Толстой свой реализм основывал на скептическом отношении к общепринятому, пересказывая жизнь иными, неавтоматическими словами.
Таким образом, эксцентрическое искусство может быть реальным искусством.
Идет вопрос о направленности всякого искусства.
Горький перед процитированными словами говорил:
«Трудно передать, изобразить ту естественность и гибкость, с которыми все его (В.И. Ленина) впечатления вливались в одно русло.
Его мысль, точно стрелка компаса, всегда обращалась острием в сторону классовых интересов трудового народа».
Новое входит в искусство революционно, действительность обнаруживается в искусстве, как обнаруживается тяжесть при падении потолка на головы владельцев.
Новое искусство ищет новое слово, новое выражение. Поэт страдает в попытках разрушить преграду между словом и действительностью. Он ощущает на губах уже новое слово, но традиция выдвигает старое понятие.
А оказывается —
прежде чем начнет петься,
долго ходят, размозолев от брожения,
и тихо барахтается в тине сердца
глупая вобла воображения.
Пока выкипячивают, рифмами пиликая,
из любвей и соловьев какое-то варево,
улица корчится безъязыкая —
ей нечем кричать и разговаривать.
Городов вавилонские башни,
возгордясь, возносим снова;
а бог
города на пашни
рушит,
мешая слово.[43]
Старое искусство лжет мелодрамой, лжет рифмой, если оно не переосмыслено.
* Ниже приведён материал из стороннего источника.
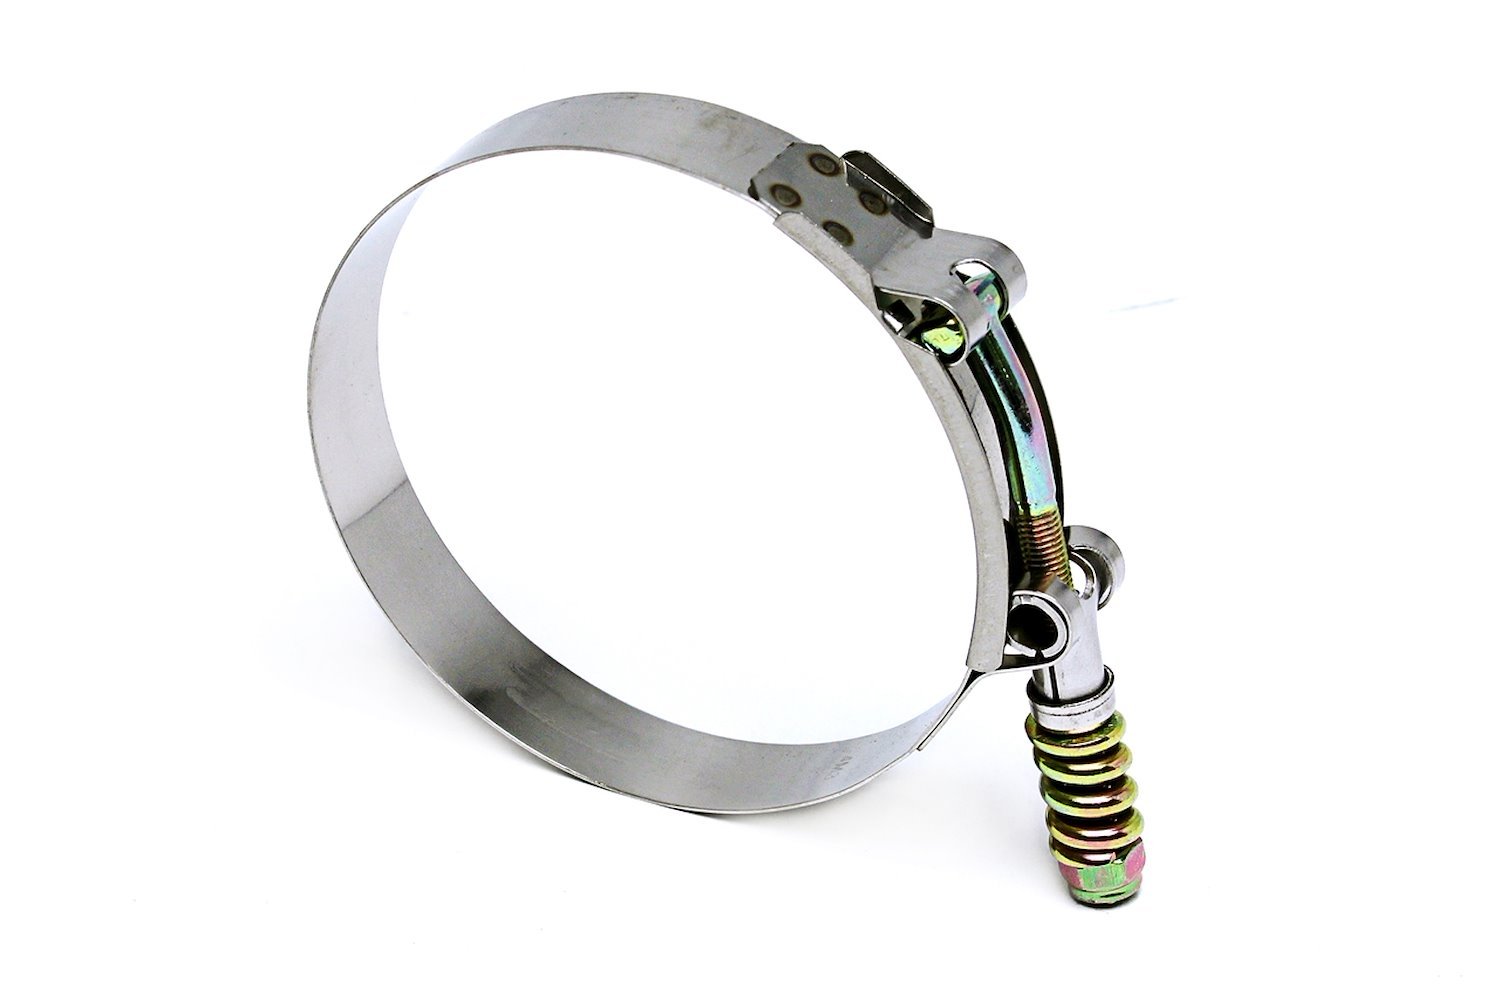 SLTC-225 Stainless Steel Spring Loaded T-Bolt Hose Clamp, Size #44, Range: 2.25 in.-2.56 in.

Работа тогдашних теоретиков, связанных с Маяковским, была неполна. Маяковский ею очень дорожил, он вместе со мной добивался у Анатолия Васильевича Луначарского возможности для нас издавать книги, но мы тогда издали не много. Говорили мы интереснее.
Мои основные работы были посвящены сюжету и не имеют прямого отношения к стиху. Работы Брика по ритмике так и не были докончены. Их и недоконченными надо издать.
Мне сейчас легче написать о рифме. Начнем с того, как относились к рифме символисты.
Звукам хотели тоже привязать точную символичность, прямую значимость.
Русский язык имеет то свойство, что в нем слабо осуществляются безударные слоги. «В произношении Блока, – говорит Андрей Белый, – окончания «ый» и просто «ы» прозвучали бы равно одинаково; а созвучия «обманом – туманные» – сошли бы за рифму».[44]